Location
- 31575 Valley Creek Road Castaic, California 91384 United States
- 34°29′38″N 118°39′13″W﻿ / ﻿34.4939°N 118.6535°W

Information
- Type: Public comprehensive high school
- Established: August 13, 2019; 6 years ago
- School district: William S. Hart Union High School District
- Principal: Ben Wobrock
- Grades: 9 - 12
- Enrollment: 1,193 (2023-24)
- Campus: Suburban
- Colors: Charcoal White Burnt orange
- Athletics conference: CIF Southern Section Foothill League
- Nickname: Coyotes
- Newspaper: The Daily Howl
- Website: www.castaichighschool.org

= Castaic High School =

High school in Castaic, California, U.S.

Castaic High School (CHS or CSHS to avoid confusion with Canyon High School) is a high school in the unincorporated community of Castaic, California, in the Santa Clarita Valley. It is part of the William S. Hart Union High School District. The school officially opened on August 13, 2019.

==History==
On March 28, 2018, the William S. Hart Union High School District named Melanie Hagman as the first principal of Castaic High School, its newest campus.

The district announced on October 10, 2018 that the school's new mascot would be the coyote and the colors would be charcoal gray, white, and texas orange. Input was solicited from community stakeholders, including students from Castaic Middle School who would attend CHS.

Castaic High School opened its doors on August 13, 2019, to a freshman class of 325 students. The school has a capacity of 2,600.

On July 18, 2022, Superintendent Mike Kuhlman announced that Vince Ferry, former principal of Rio Norte Junior High School and Saugus High School, would be taking over as principal.
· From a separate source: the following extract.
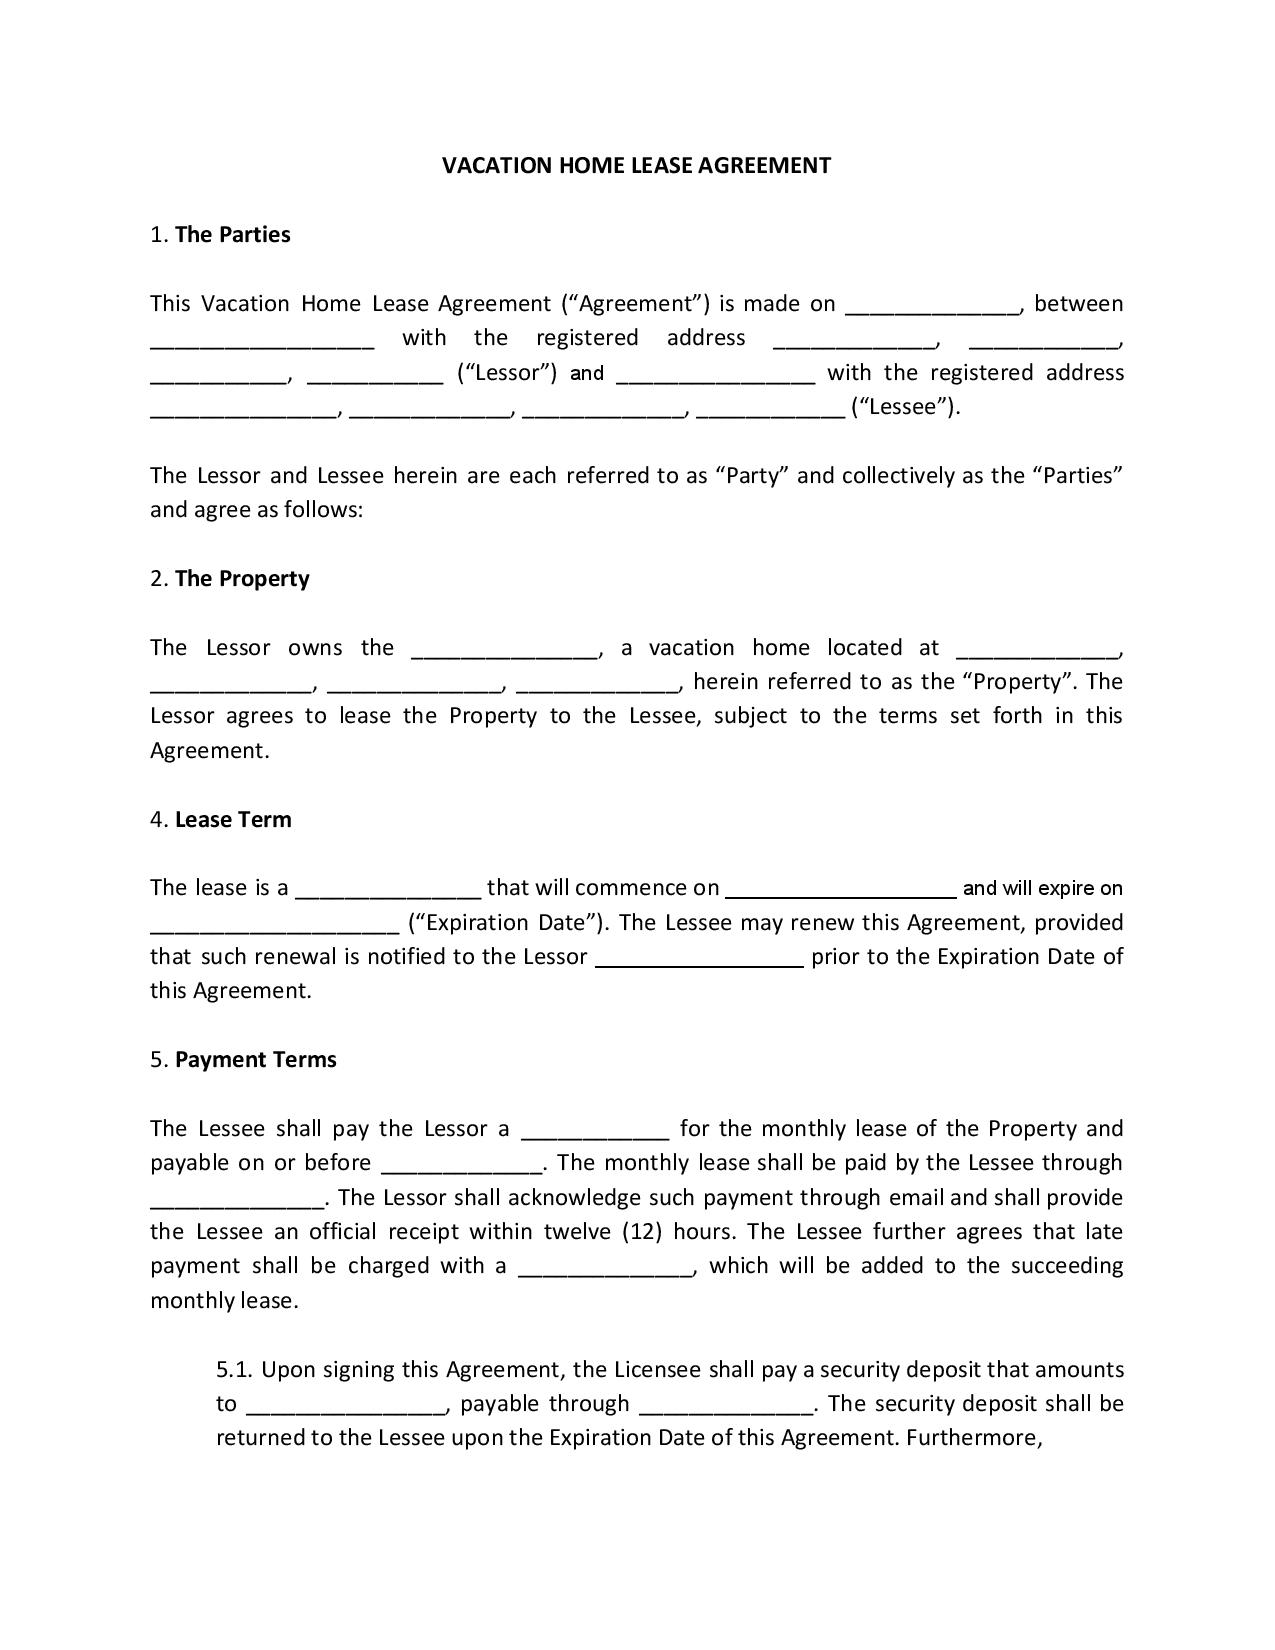 Vacation Home Lease Agreement

On February 20, 2025, the Hart District announced that Ben Wobrock, former assistant principal of Rancho Pico Junior High School and West Ranch High School, would be taking over as principal, effective immediately.

==Academics==
The Castaic High School campus hosts the iCAN Academy at Castaic High School, a middle college program operated by the Hart District in partnership with College of the Canyons (COC). The program consists of a rigorous curriculum that allows students to earn college credit all four years of high school. Unlike the district's other such program, Academy of the Canyons on the COC campus, iCAN students may participate in a full range of extracurricular activities including interscholastic athletics.

==Student demographics==
As of the 2023-24 school year, 1,193 students were enrolled at Castaic High School. Of those, 44.4% were Hispanic, 37.7% were white, 4.7% were African American, 4.7% were Two or more races, 4.2% were Filipino, 3.7% were Asian, and 0.3% were American Indian or Alaska Native. As of 2020-21, 203 students (27.7%) were eligible for free or reduced-price lunch.

==Athletics==
Castaic High School athletic teams are nicknamed the Coyotes. The school competes in the Foothill League with its fellow Hart District schools. The school fielded 17 teams in its first school year, all at the freshman level only.